3. In a fit of despondency, believing I would never finish Swimming North or write anything worth reading, I stepped in front of a bus. I have spent the last month in a coma. I am typing this with my toes from a hospital bed, as both arms are broken and in plaster casts.

4. Aliens abducted me. It only seemed like a few hours, but weeks of time have unaccountably gone missing.

5. The cat took over the house and wouldn’t allow me access to the computer.

6. I developed a disabling fear of my laptop and was forced to engage in radical desensitization therapy before I was able to type a single word.

7. Overcome by a fit of perfectionism, I have been working on this blog post night and day for weeks, unable to polish it to an acceptable state for posting.

8. It began with one hot buttered rum at bedtime, and progressed to non-stop drinking. My family staged an intervention, telling me they preferred my internet addiction and urging me to get back to blogging, twittering, and endlessly tinkering with my never ending rewrite.

9. I read King Bidgood’s in the Bathtub. I thought the King was onto something and gave the idea a try. Unfortunately there is no page in this house to pull the plug, and I finally had to do it myself.

10. I procrastinated. Then I felt guilty about not blogging, so I procrastinated further. I forgot the password to log in to WordPress. More guilt. So I avoided WordPress completely, for weeks.

Enough with excuses. The writing must go on, and does, along with all of the real life complications. Time to hit some revisions before bed.

Confession of the day: I am a coward.

Yep, it’s true. I fear many bizarre and small things in my life, including telephones and talking to people I don’t know. Considering that I’ve chosen a job which glues me to a phone and requires me to walk into jails, hospitals, and private homes, where I converse with cops and corrections officers, inmates, doctors, nurses, and people from every possible walk of life, you might think I’d learned to confront all of my fears and that I practice the Art of Courage.

You would be wrong – at least when it comes to writing.

Here I am, at the brink of completing this draft of Swimming North. I’ve been wobbling on this brink for two days now. In fact, I’m considering ordering in a lawn chair, a good book, and a case of beer. Maybe I could just sit here until I die. The view isn’t half bad, and I have my memories of the trip to sustain me. Of course, it’s an uncomfortable location in which to spend the rest of my life; rather precarious – a strong wind or a misplaced lawn chair leg could send me hurtling into the depths.

I can’t go backward; it’s too late for that. And if I move forward, one of two things is going to happen: I’m either going to discover that I have wings, or I’m going to crash on the rocks below. They are jagged, pointy rocks. I’ve survived that crash once or twice, but vital things were broken and I really don’t care to do it again.  I dream that maybe I’ve earned my wings this time, but I’m not certain, and as long as I hesitate here, on the edge of life as I know it, I can dream and imagine and avoid reality.

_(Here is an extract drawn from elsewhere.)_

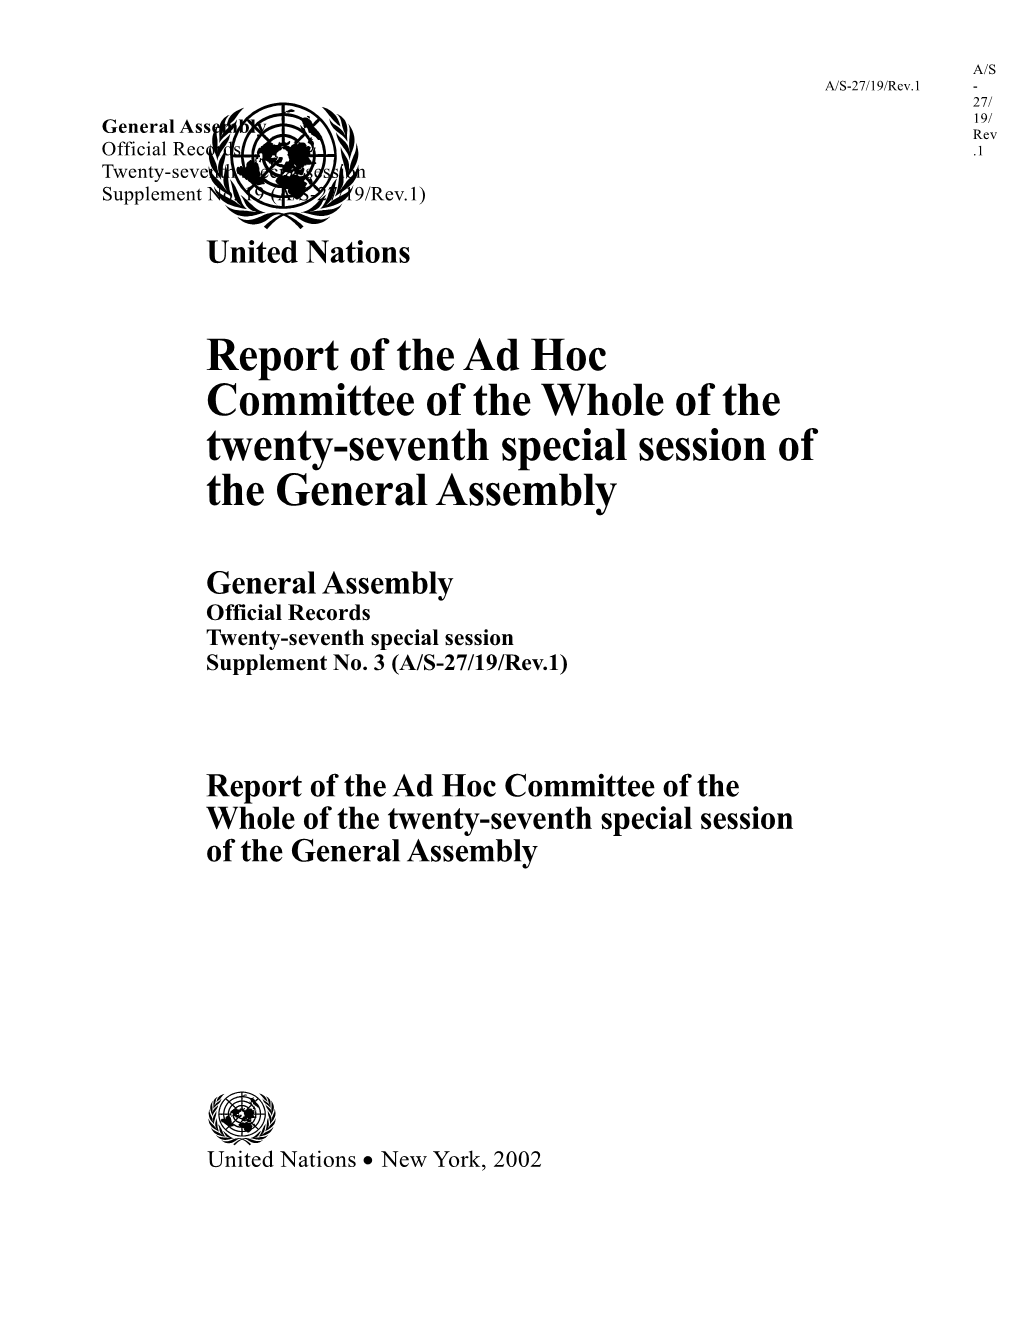 Report of the Ad Hoc Committee of the Whole of the Twenty-Seventh Special Session of The
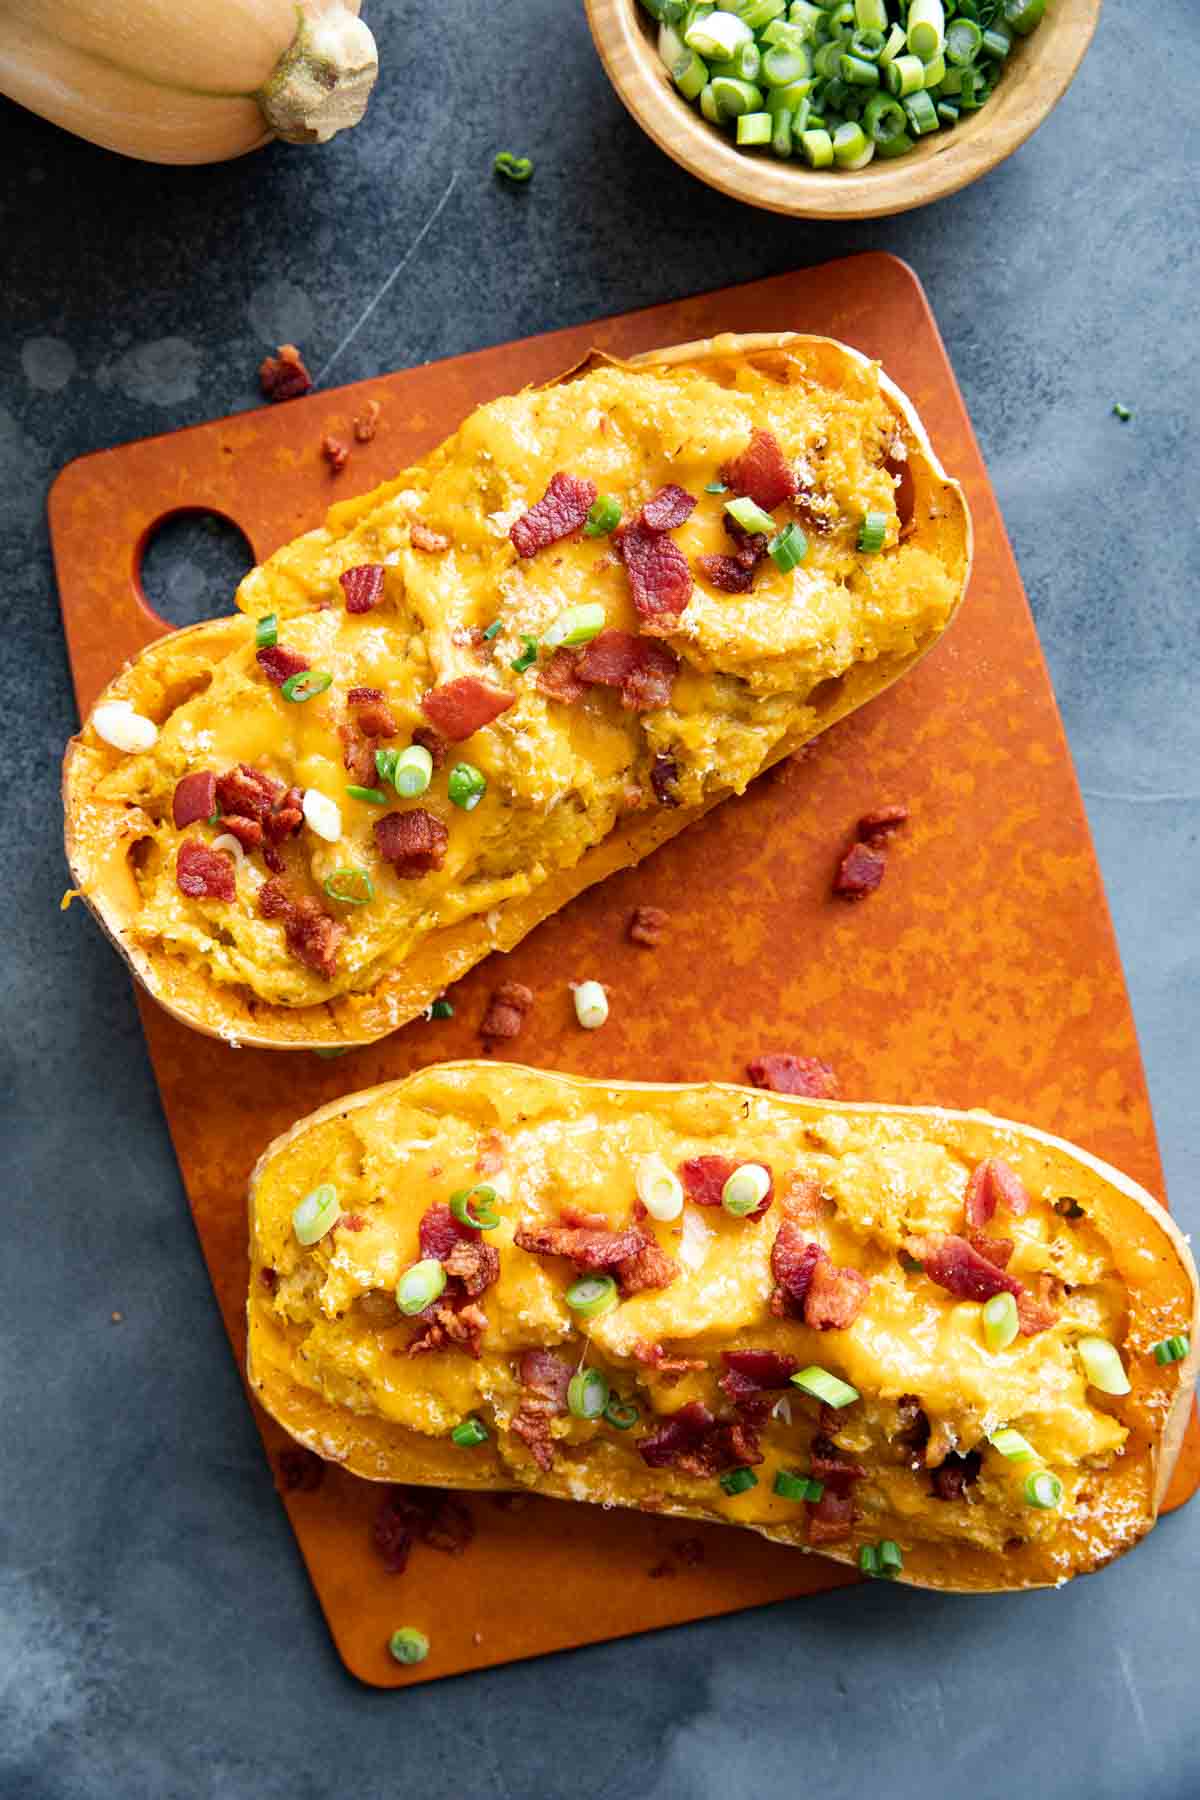 Two butternut squash halves filled with butternut squash, cheese, and bacon.

Okay. It’s a metaphor, and it’s over dramatic. Failure isn’t going to kill me. The bald facts are these: I’ve written almost to the end of Swimming North, The Fourth Re-write. And once I finish it, it will be time to look back over the manuscript and ask myself those very difficult questions. Will it work this time? Can I consider it the last of the rewrites and move on to the relative simplicity of revision and editing? Or have I failed, again, in even coming close to writing what I set out to do? If I’ve failed at that, have I succeeded in writing something else that is worth a damn? I tell myself that I will NOT rewrite this manuscript one more time, but my entire genetic code refuses to let me walk away.

What genetic code is that, you ask? The Norwegian Viking Code, that’s what. Viking warriors were shamed if they survived and their leader died. They fought until the bitter end, preferring death on the battle field to the life of shame they would lead if –

There I go again into the melodrama.  And while blogging is a Worthy and Important Activity, it is also a Means of Procrastination and Delay. I am off to take the plunge and see what happens. If I don’t come back – send all the King’s horses, and all the King’s men. I might just be in need of them.